As with other evaluation methods, eye tracking has advantages and disadvantages. Eye tracking provides more information that helps in a deeper understanding of the causes of usability problems [58]. It also provides mental process-related information and reliable data because users focus their attention on where they are looking [62]. It is also easy to collect the data with no sacrifice of the study’s ecological validity. It provides a better understanding of how the interaction happens through linking apparent events like clicking, typing, and scrolling with the attentional mental process’s information [63]. Thus, it could be used to develop possible guidelines for fostering usability [58]. An additional advantage is the variety of ways and measures that the eye-tracking tool represents to researchers (and hence a multitude of measures) researchers can use to examine their data [64]. The eye-tracking methodology allows researchers to gather actual quantitative data: fixations, regressions, and saccades [65]. These data reveal attracting or distracting items on the web page, revealing indications about distinct user search strategies [61].

However, with the ubiquity of eye tracking in usability research, it is essential to make sure that the methodology is used appropriately, ensuring the validity of research outcomes [64]. One drawback of eye-tracking research is the consideration that the gaze dot or cursor on the screen refers accurately to where a user is looking. Like other types of measurement devices, eye-trackers are prone to measurement errors, which in turn influence data interpretation [64]. Furthermore, in eye-tracking research, it is not possible to justify why a user fixates on a particular spot on a website [66]. In addition, the cost and the obstruction to the users are reported as issues when testing usability using eye-trackers [26].

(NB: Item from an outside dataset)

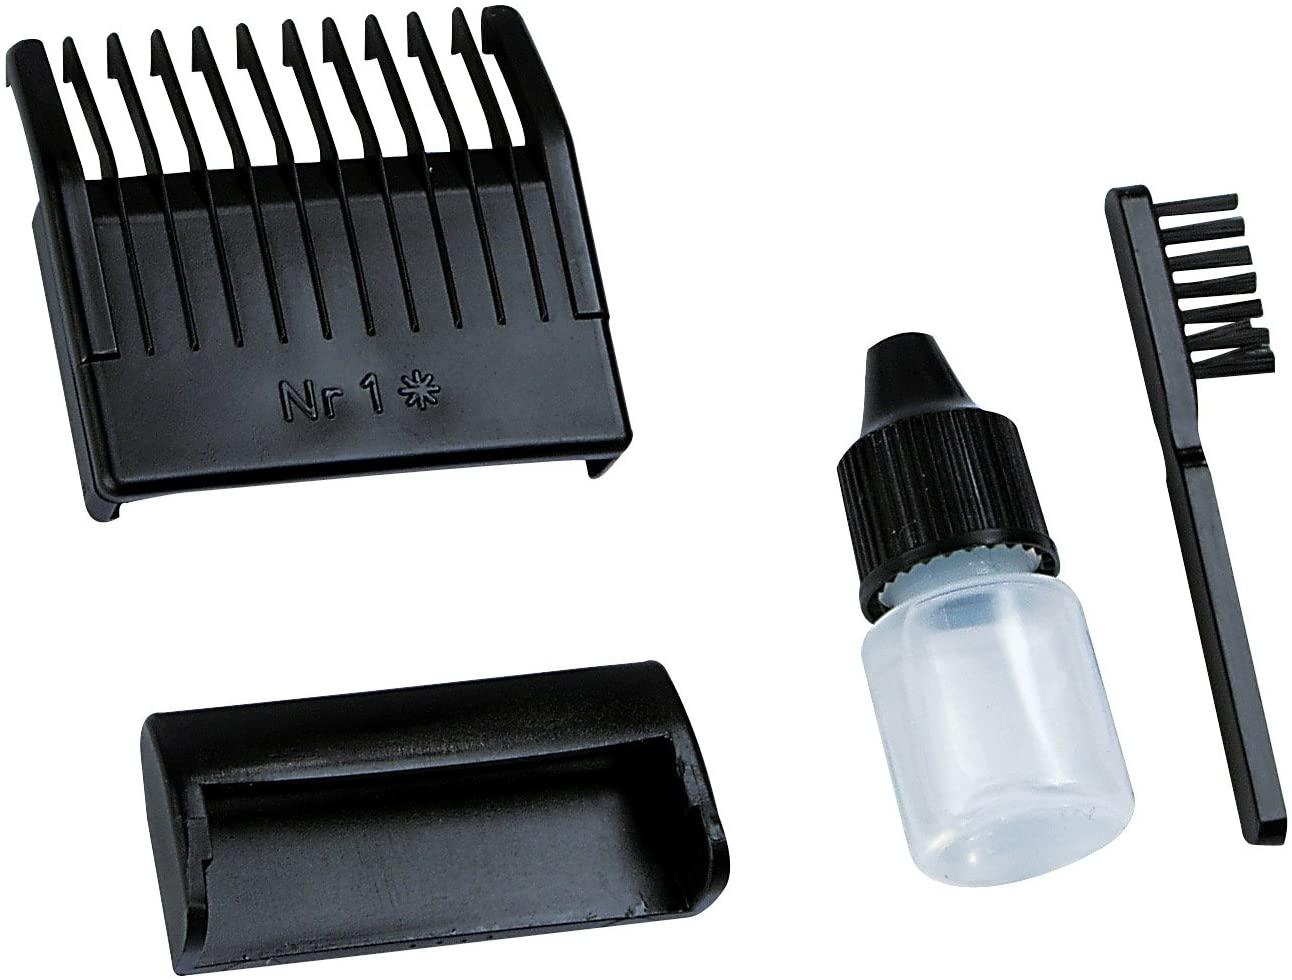 Moser 1173 - 0250 hair / beard trimmer opal, mains voltage enlarge

2.4. Recent Research Studies

Several studies in the literature have examined the effectiveness and efficiency of usability testing, heuristic evaluation, and eye-tracking in different contexts. Maguire and Isherwood [57] compared the usability testing and heuristic evaluation in terms of efficiency and effectiveness for two different websites. The outcomes demonstrated that usability testing required less time to complete and underlined slightly more severe problems on average than heuristic evaluation. However, heuristic evaluation surpassed usability testing in terms of the identified number of problems and identification rate, and therefore it is perceived as more effective and efficient. In fact, each method complements the other due to the advantages of each method. Nevertheless, the study had a relatively small sample size, potentially limiting the generalizability of the findings. Building on this research, Fu et al. [37] conducted a study comparing heuristic evaluation and usability testing. Their research demonstrated that heuristic evaluation, relying on human experts, was more successful in identifying usability issues related to rule- and skill-based levels of performance. On the other hand, usability testing proved more effective in identifying issues associated with knowledge-based level of performance. Essentially, this finding underscores the importance of considering different evaluation methods based on the specific performance aspects being assessed. However, it is worth mentioning that the number of participants in the user testing were equal to the expert testing in this study, and the higher number of participants may have produced different outcomes for the usability testing. In [15], a comparison of usability evaluation methods is presented for evaluating e-commerce websites. It was found that the user testing and heuristic evaluation are both effective methods for evaluating the usability of e-commerce websites, with user testing being better at identifying major problems and heuristic evaluation being better at identifying minor problems.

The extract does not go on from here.